### [What is expected]
Nothing but the pictures may be dropped; the rest of the listing is to be written out exactly.

### [Source material]
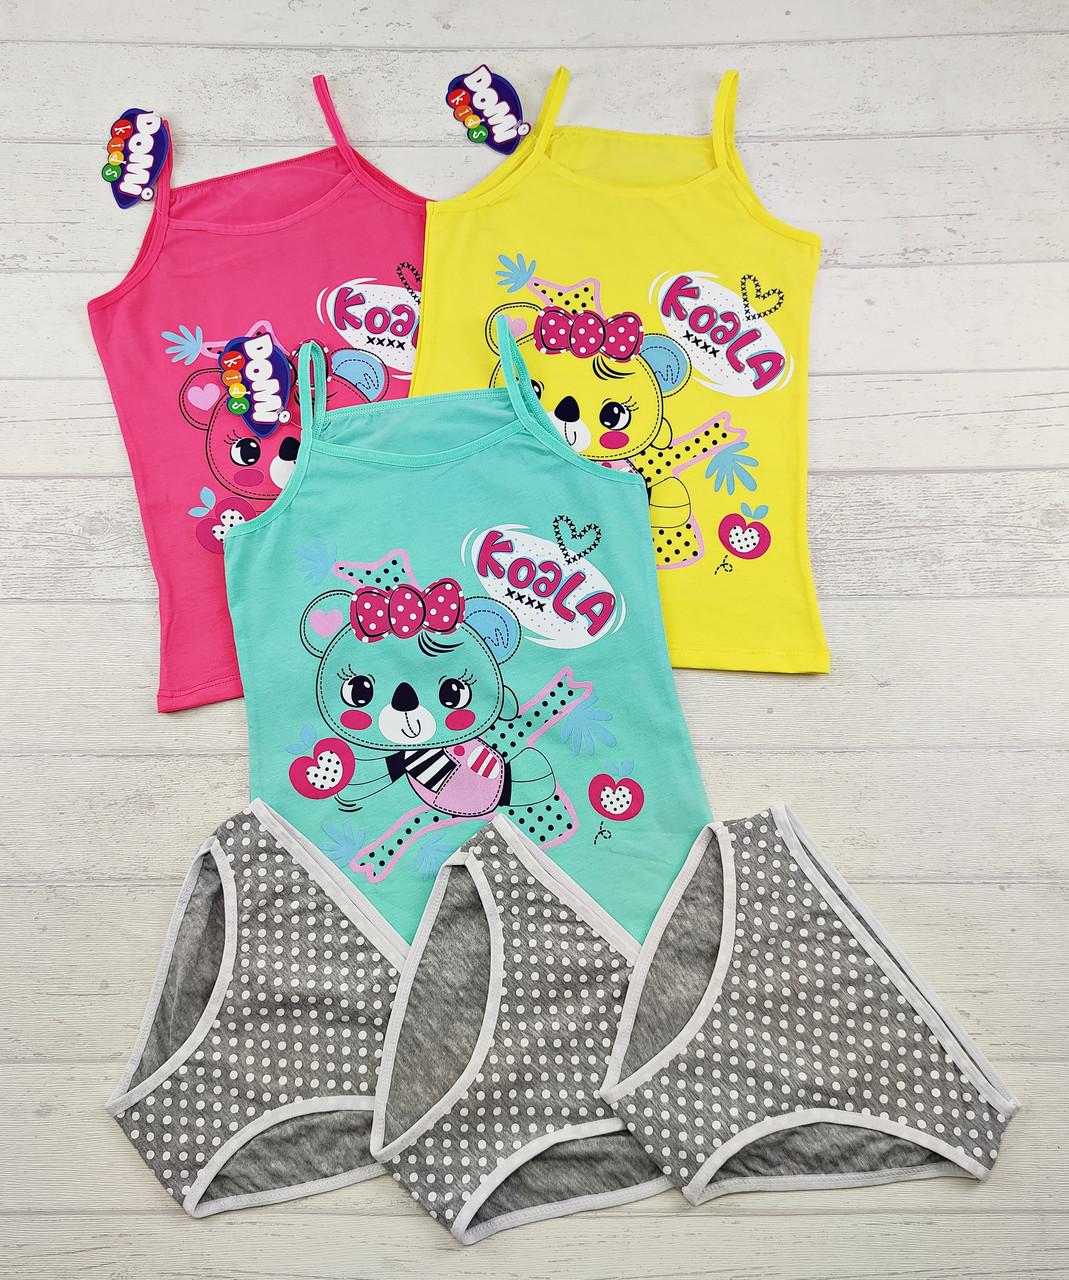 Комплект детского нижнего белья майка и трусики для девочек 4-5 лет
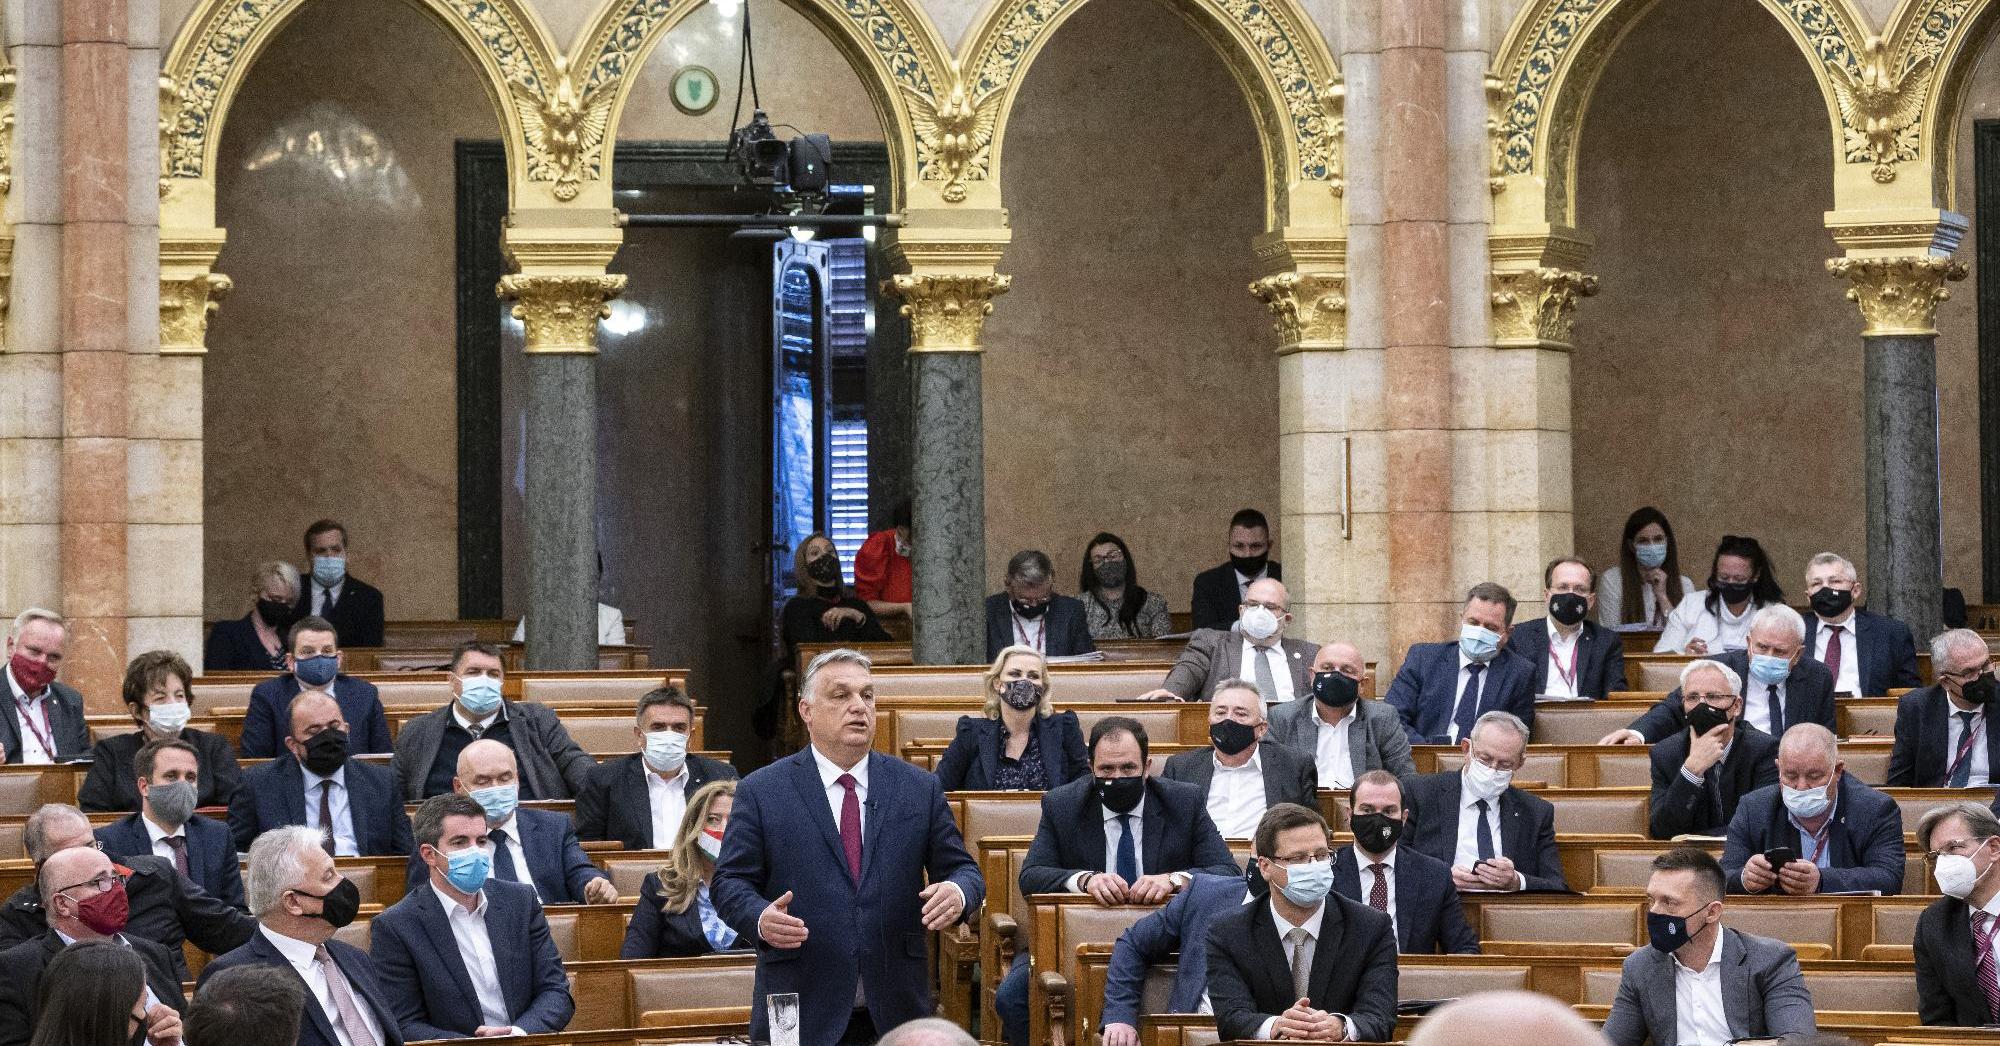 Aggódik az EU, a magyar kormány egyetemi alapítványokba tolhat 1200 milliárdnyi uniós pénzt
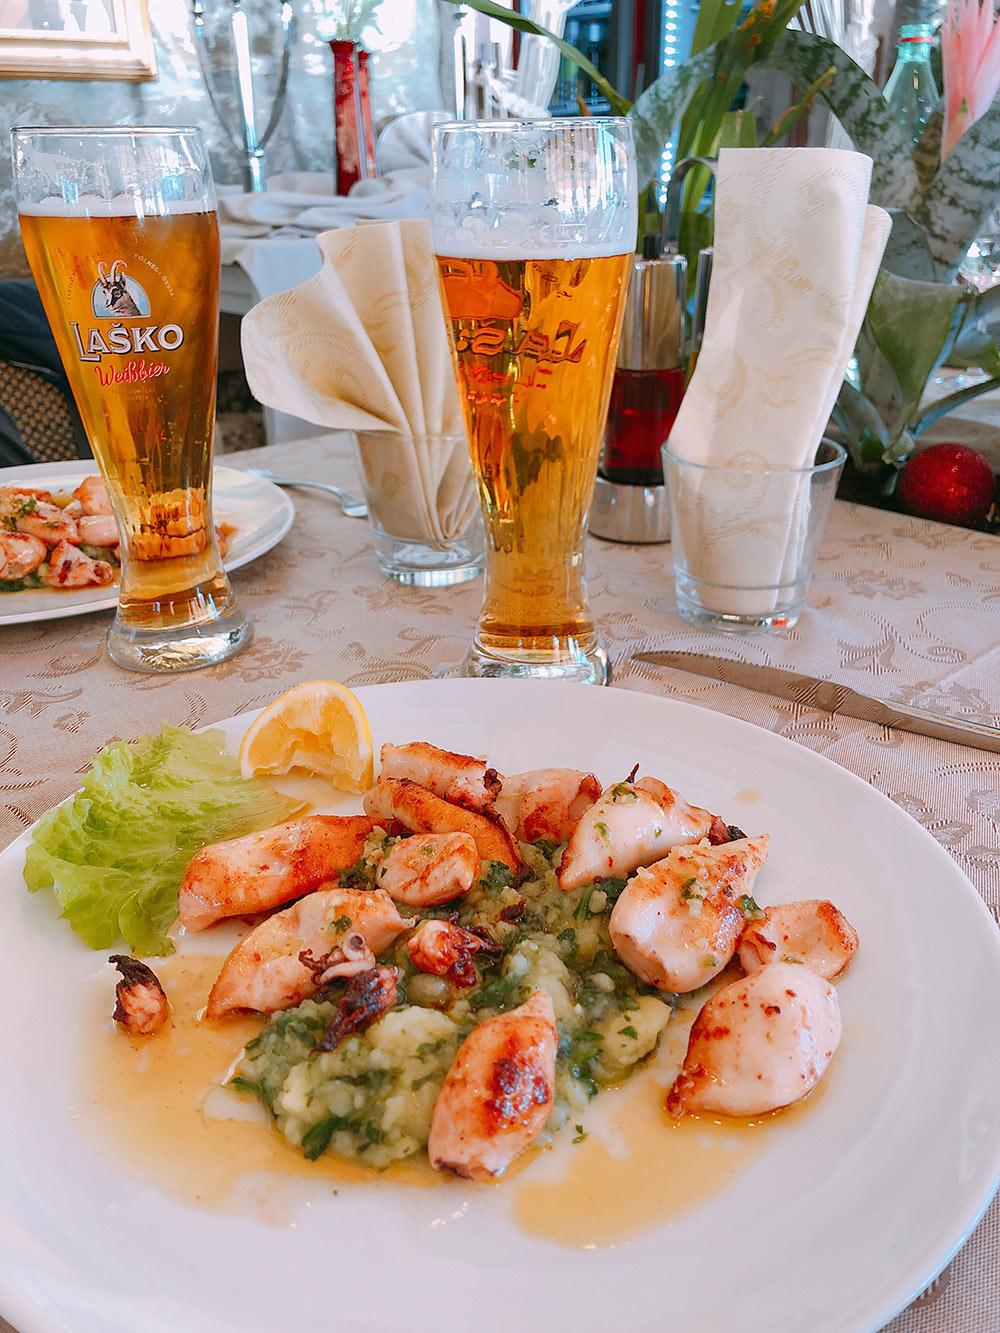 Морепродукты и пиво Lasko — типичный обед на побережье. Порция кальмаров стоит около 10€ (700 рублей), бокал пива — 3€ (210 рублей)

### [Finished exercise]
 Комплект детского нижнего белья майка и трусики для девочек 4-5 лет
 Aggódik az EU, a magyar kormány egyetemi alapítványokba tolhat 1200 milliárdnyi uniós pénzt
 Морепродукты и пиво Lasko — типичный обед на побережье. Порция кальмаров стоит около 10€ (700 рублей), бокал пива — 3€ (210 рублей)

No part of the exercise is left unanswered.